Identifying Low-Risk Patients With Pulmonary Embolism

Pulmonary Embolism Clinical Trial

Clinical Trial Details — Status: Completed

Administrative data
NCT number NCT00086151
Other study ID # 1258
Secondary ID R21HL075521
Status Completed
Phase N/A
First received June 25, 2004
Last updated July 28, 2016
Start date July 2004
Est. completion date June 2007

Study information
Verified date January 2008
Source National Heart, Lung, and Blood Institute (NHLBI)
Contact n/a
Is FDA regulated No
Health authority United States: Federal Government
Study type Observational

Clinical Trial Summary

To develop a clinical prediction rule to identify patients with acute pulmonary embolism who are at very low risk for short-term adverse outcomes.

Description:

BACKGROUND:

Pulmonary embolism (PE) is a common, costly, and potentially lethal disease in the US. While patients with PE are almost universally treated as inpatients and their length of hospital stay (LOS) varies widely, there is evidence that outpatient care with low-molecular-weight heparins or early discharge of hospitalized patients are effective and safe options for up to 50% of patients with PE. However, physicians may be reluctant to treat patients with PE on an outpatient basis or with brief hospitalization when the perceived risk of mortality or experiencing a short-term adverse outcome is not well quantified. The study will develop a clinical prediction rule to identify patients with acute pulmonary embolism who are at very low risk for short-term adverse outcomes.

DESIGN NARRATIVE:

The retrospective cohort study will develop a clinical prediction rule that accurately identifies low-risk patients with PE who are potential candidates for outpatient care or early discharge. The specific aims are 1) to derive a clinical prediction rule that identifies patients with PE who have a very low 30-day mortality risk (<= 2%), and 2) to assess the performance of this rule in predicting other relevant outcomes (i.e., major bleeding, respiratory failure [RF], cardiogenic shock, cardiac arrest) or processes of care (i.e., thrombolysis, mechanical ventilation [MV], intensive care unit (ICU) admission, length of hospital stay, hospital readmission).

The study uses 3 large and reliable databases, the PHC4 database, the MediQual Atlas database, and the National Death Index (NDI). These databases contain a rich set of clinical information and outcomes data.
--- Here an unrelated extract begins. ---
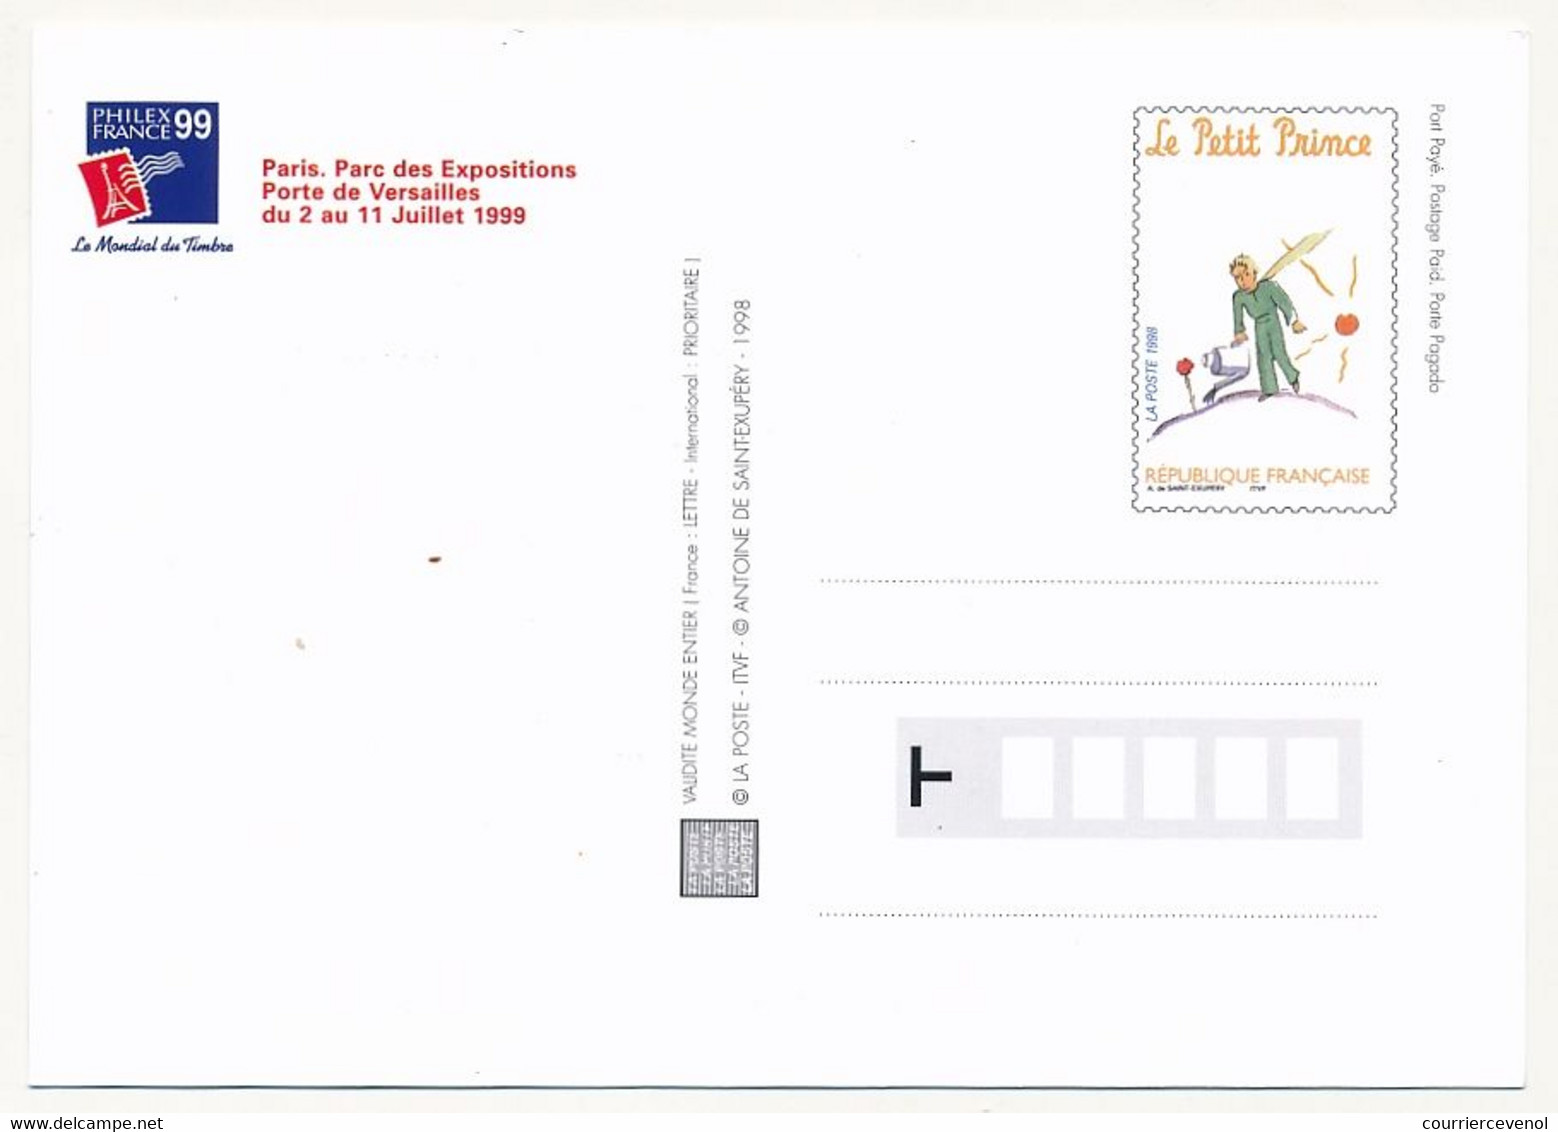 Série de 5 CP - Entiers postaux formant Cartes Maximum - LE PETIT PRINCE - Philexfrance 1999 - Paris 12/9/1998

The prediction rule for prognosis will be derived from 8,000 patients discharged with a diagnosis of PE from all acute care hospitals in Pennsylvania during the calendar years 2000-2001. Patients with PE will be identified using primary ICD-9-CM discharge codes for PE or secondary discharge codes for PE coupled with primary discharge codes that represent complications or treatments of PE. Baseline data that include 35 potential clinical predictors of short-term mortality in PE will be abstracted from the PHC4/Atlas databases.

The primary outcome will be 30-day mortality ascertained from the NDI; secondary outcomes will be major bleeding, respiratory failure, cardiogenic shock, cardiac arrest, thrombolysis, mechanical ventilation, ICU admission, length of hospital stay, and readmission. Classification tree analysis will be used to construct a simple clinical prediction rule that identifies a 20% subgroup of all patients with a 30-day mortality rate of 2% or less. The predictive accuracy of this rule will be externally validated in an independent cohort of 4,000 patients with PE from calendar year 2002 using identical patient identification strategies as for the derivation cohort. The safety of this rule will be tested in the validation cohort by computing the proportion of very low-risk patients who die within 30-days or have another adverse outcome. This innovative application will derive a clinical prediction rule for prognosis that has the potential to improve the cost-effectiveness of the management for PE. The long-term goal of this project will be to validate and implement this rule in prospective studies to test its safety and effectiveness and to establish future admission/early hospital discharge recommendations for patients with PE.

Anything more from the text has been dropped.